生産調整(減反)しながらミニマムアクセス米を輸入する問題点

■杉本ちさと■ 姫路市の郊外には、田んぼや畑がたくさんある。農家は、米や野菜をつくって昔から田んぼを耕してきた。ところが、米の減反政策が進められ、草がぼうぼう と生えて、荒れた田んぼがたくさんふえている。これは県下各地どこでも同じである。
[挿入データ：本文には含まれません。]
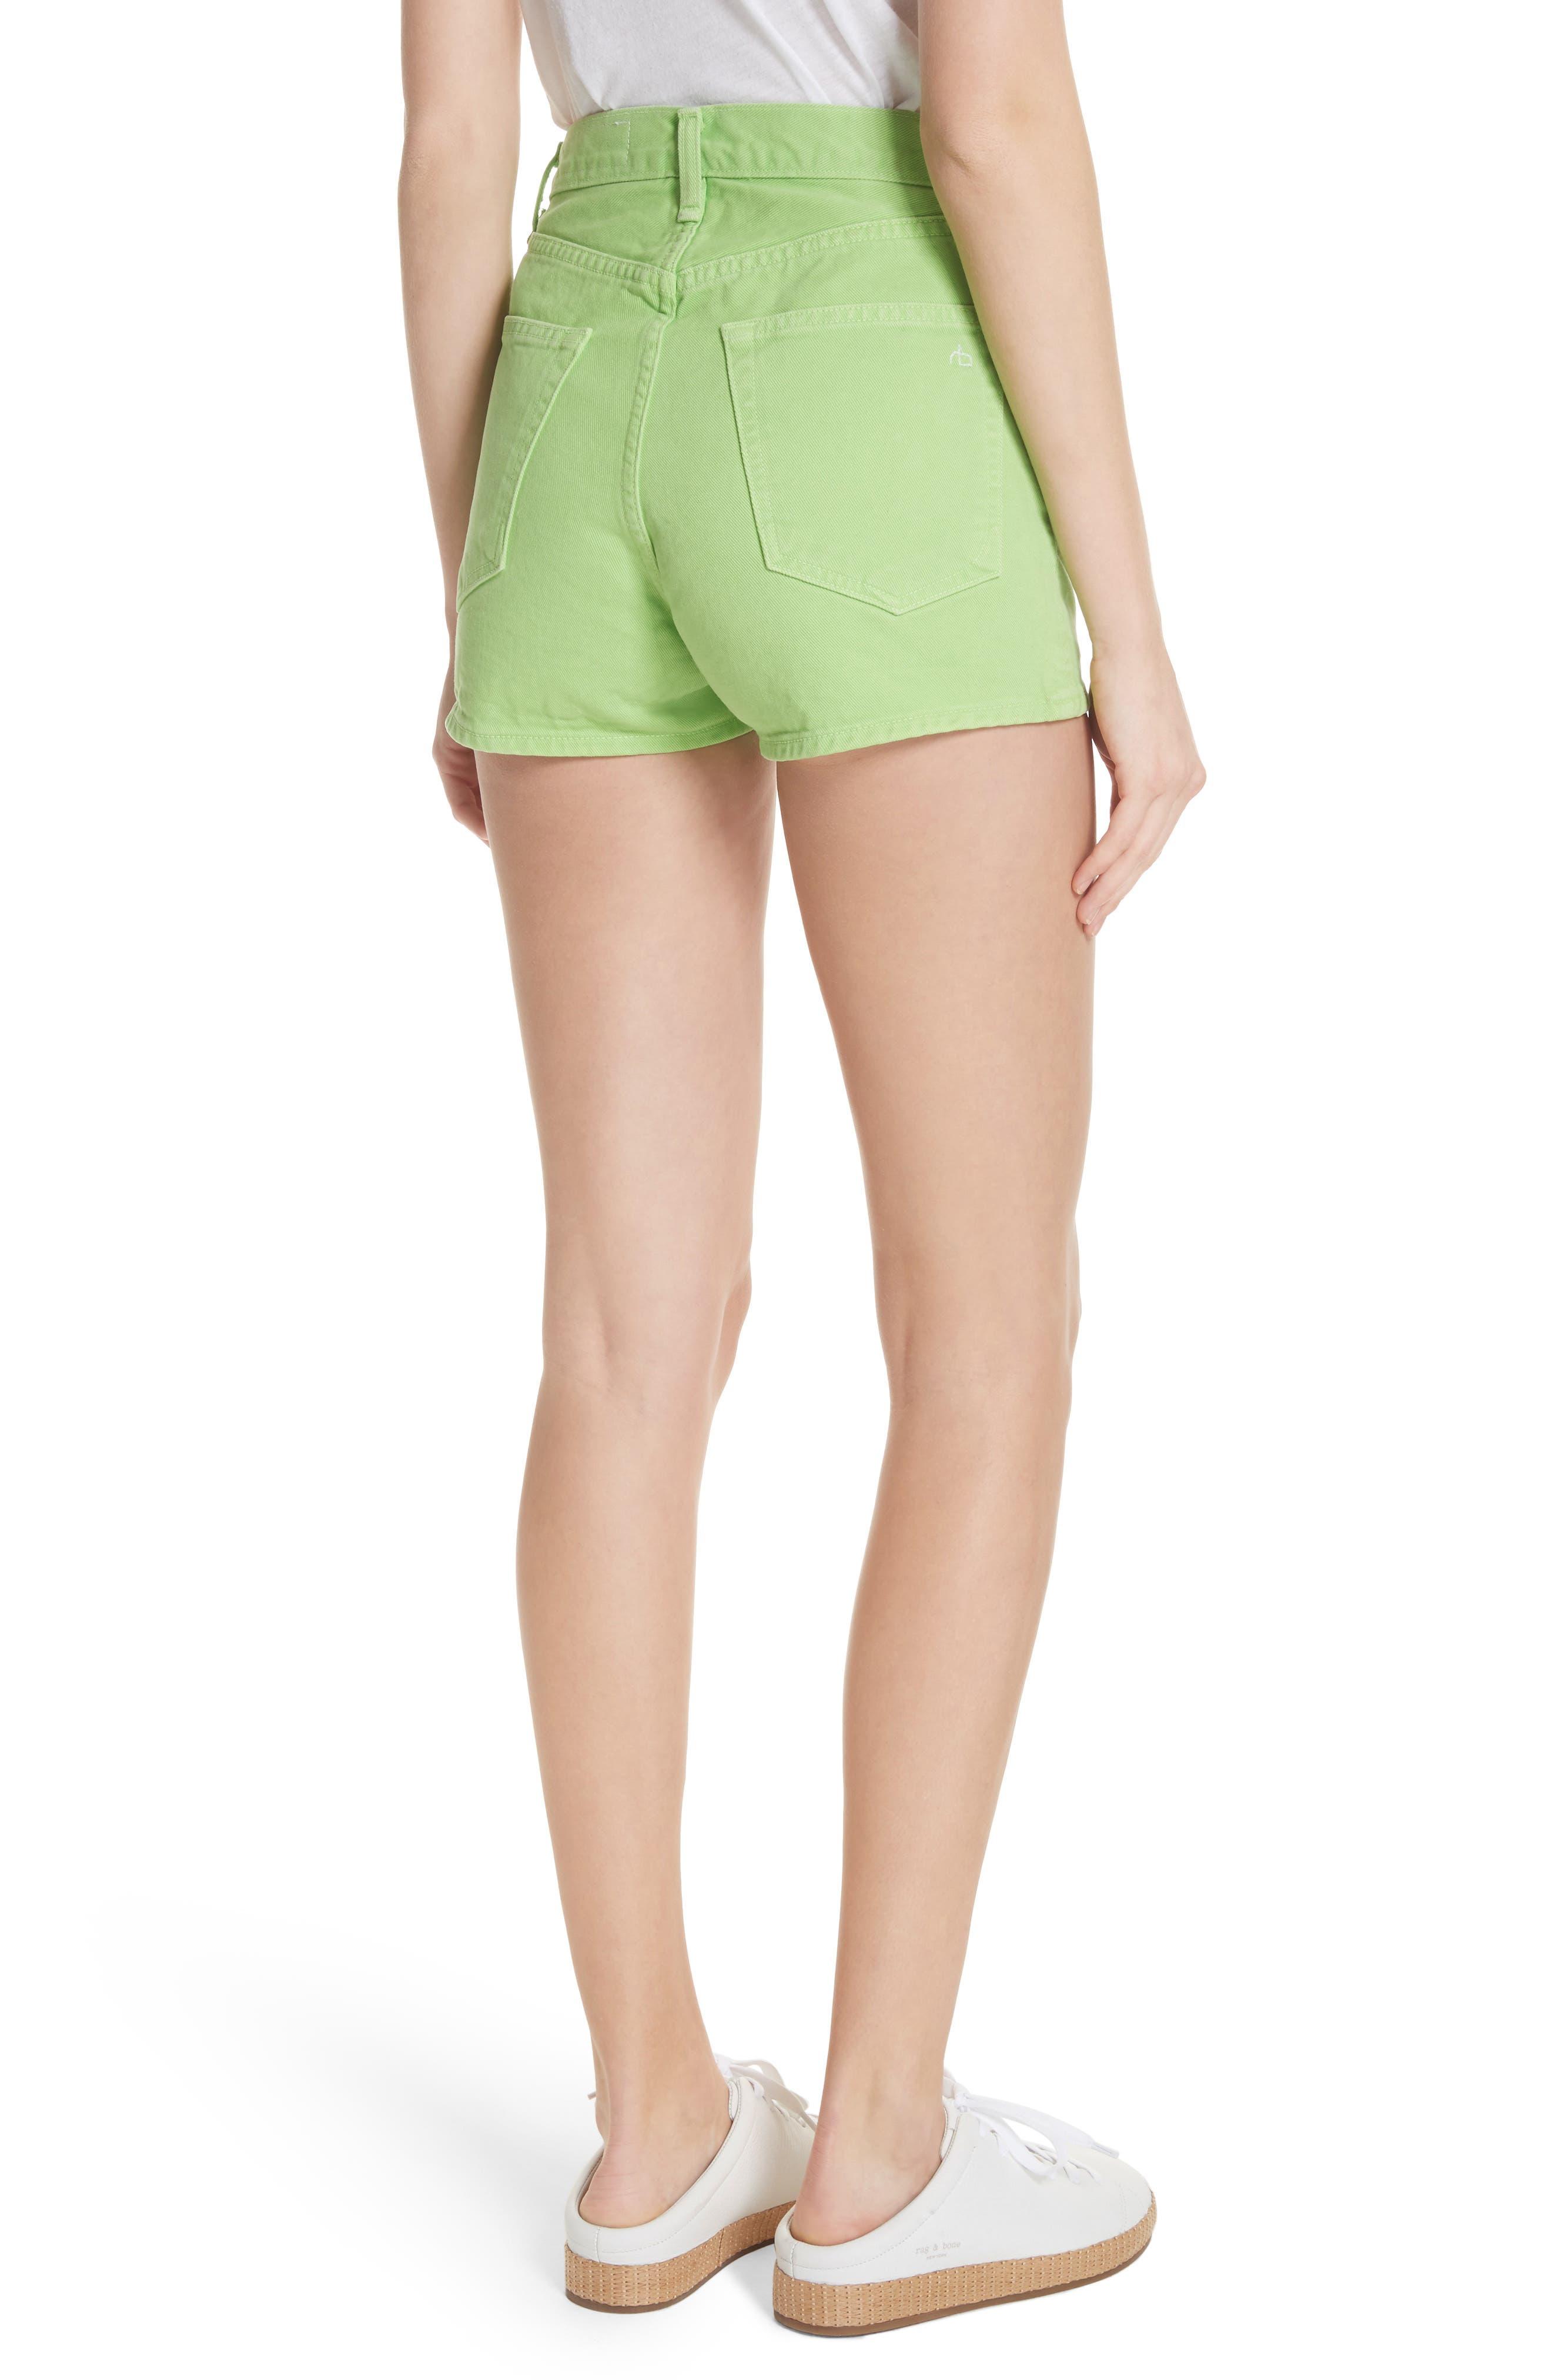 Justine High Waist Denim Shorts,                             Alternate thumbnail 2, color,                             371

政府は、米の価格を下落させないためという理由で、米の需要量を定めて いるが、今年度の兵庫県の生産調整の転作、いわゆる減反であるが、この面積は幾らか。

■遠山農業経営課長■ 本県における20年産米の生産調整の状況については、国からの需要量に関する情報として19万3,400トンの提示を受けてお り、これを県の平均反収で面積換算すると3万8,370ヘクタールになっている。
 米の生産調整は、現在の仕組みとしては、国の方から需要に見合った数量を生産するということで、需要量の数字の提示を受けており、減反面積等の提示とい う形ではないので、先ほど述べた数量をめざして県内で生産している状況である。

■杉本ちさと■ ちゃんとお答えいただきたいが、それでは、本地面積、いわゆる耕作ができる水田の面積はどれぐらいなのか。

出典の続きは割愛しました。